Now to take advantage of Iceberg's partition pruning, I want to filter by bucket number. For example:

df = daft.read_iceberg(table)
df = df.where('bucket==0')

What is the right way of doing such a filtering? Thanks.

samster25 commented 2 months ago

Hi @rakeshJn, thanks for making an issue!

Daft will automatically translate the column on the table to the bucket!

For Example:

df = daft.read_iceberg(table)
df = df.where(df['document_id'] == 42)
df.explain(show_all=True) # to verify partition predicate has been pushed down.

This will compute the hash bucket for 42 and then apply it for partition pruning. You can verify this is the case with our explain method.

rakeshJn commented 2 months ago

Thanks @samster25 for quick reply, how does it know whether I am looking to filter by literally a document_id of value 42 or hash bucket of document_id, because indeed document_id is a column in the table. Besides, my document_id is a string and it is actually not computing hash and giving me an error:

DaftError::TypeError Cannot perform comparison on Utf8 and numeric type.
types: Utf8, Int32

Which means it is trying to filter by value 42.

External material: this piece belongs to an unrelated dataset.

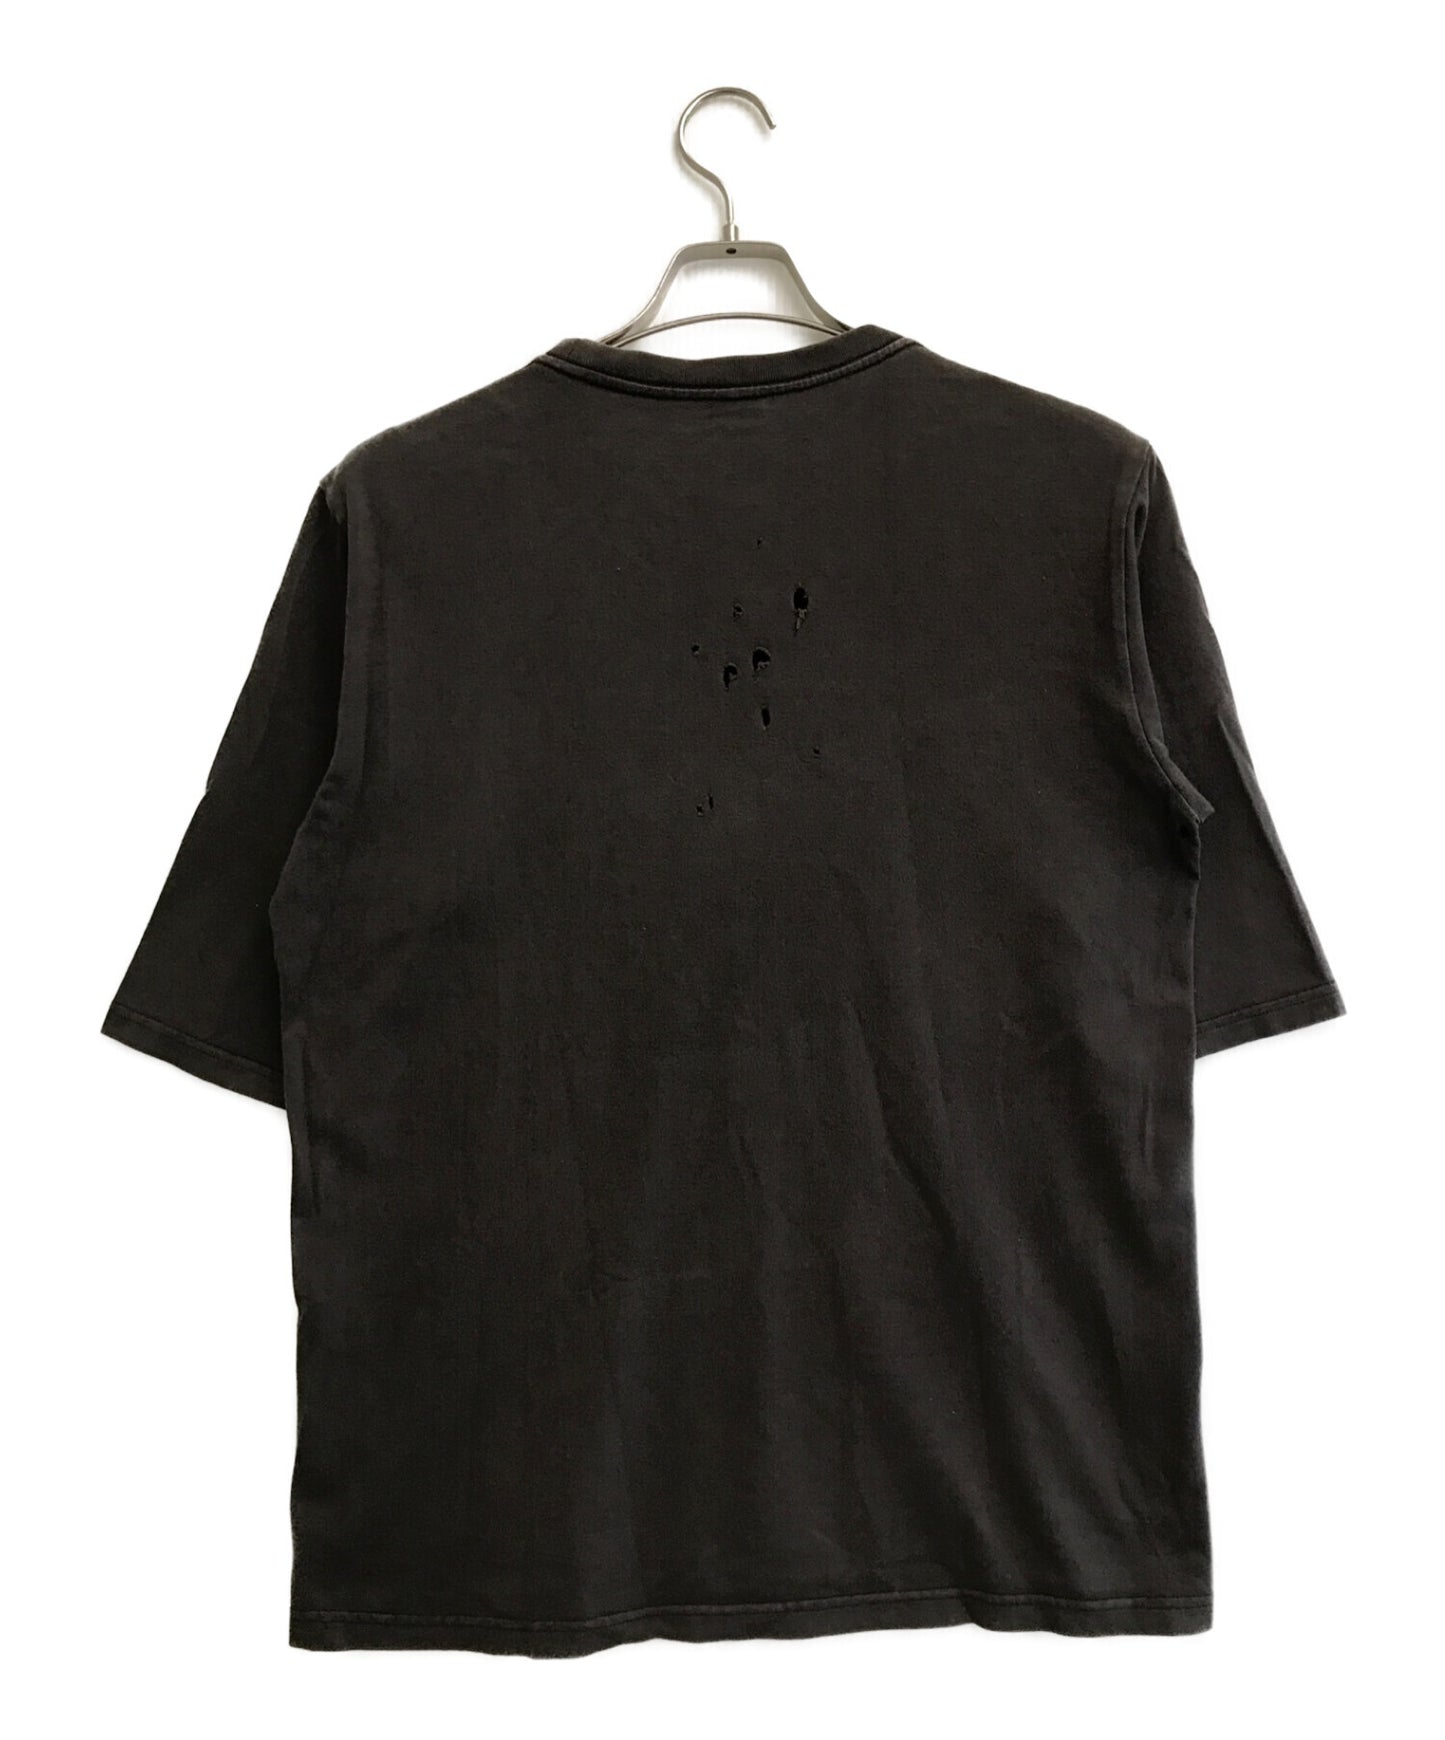 숫자 (N) INE 두개골 프린트 티셔츠 / 인쇄 티셔츠 / 손상된 티셔츠 / 탑 / 티셔츠

samster25 commented 2 months ago

Hi @rakeshJn, since Iceberg has hidden partitioning the column bucket is actually hidden from us. However when we apply predicates via a filter, Daft will check if there is any partition filters it can apply. It does this by keeping a mapping of table columns to partition columns.

so if document_id is a string, we should be able to run df = df.where(df['document_id'] == "42") and daft will see that document_id is a column that is partitioned and then will push down the filter to the scan. We can verify this with the explain method.

In the case of hash bucketing, both == and != are valid.

rakeshJn commented 2 months ago

Ok, I see what you are saying @samster25 . That works when I want to filter by specific record, for eg document_id="42". What I want is something different. My table is bucket partitioned by 16 buckets, on document_id. That means I have 16 partitions on the table with roughly equal number of records in each partition, let's say 1.5M records in each partition.

Now, I want to query/filter this table by specific bucket, i.e., give me all 1.5M records from bucket 0. Is that something I can achieve using daft?

For reference, here's one related to Spark: https://github.com/apache/iceberg/pull/7886

samster25 commented 2 months ago

I see what you mean! So you could run the expression on the dataframe which will give you the filtered rows. However this won't prune out the files until we push down that expression.

df = daft.read_iceberg(table)
df = df.where(df['document_id'].partitioning.iceberg_bucket(16) == 0)

I'll make an issue so that we can push this down!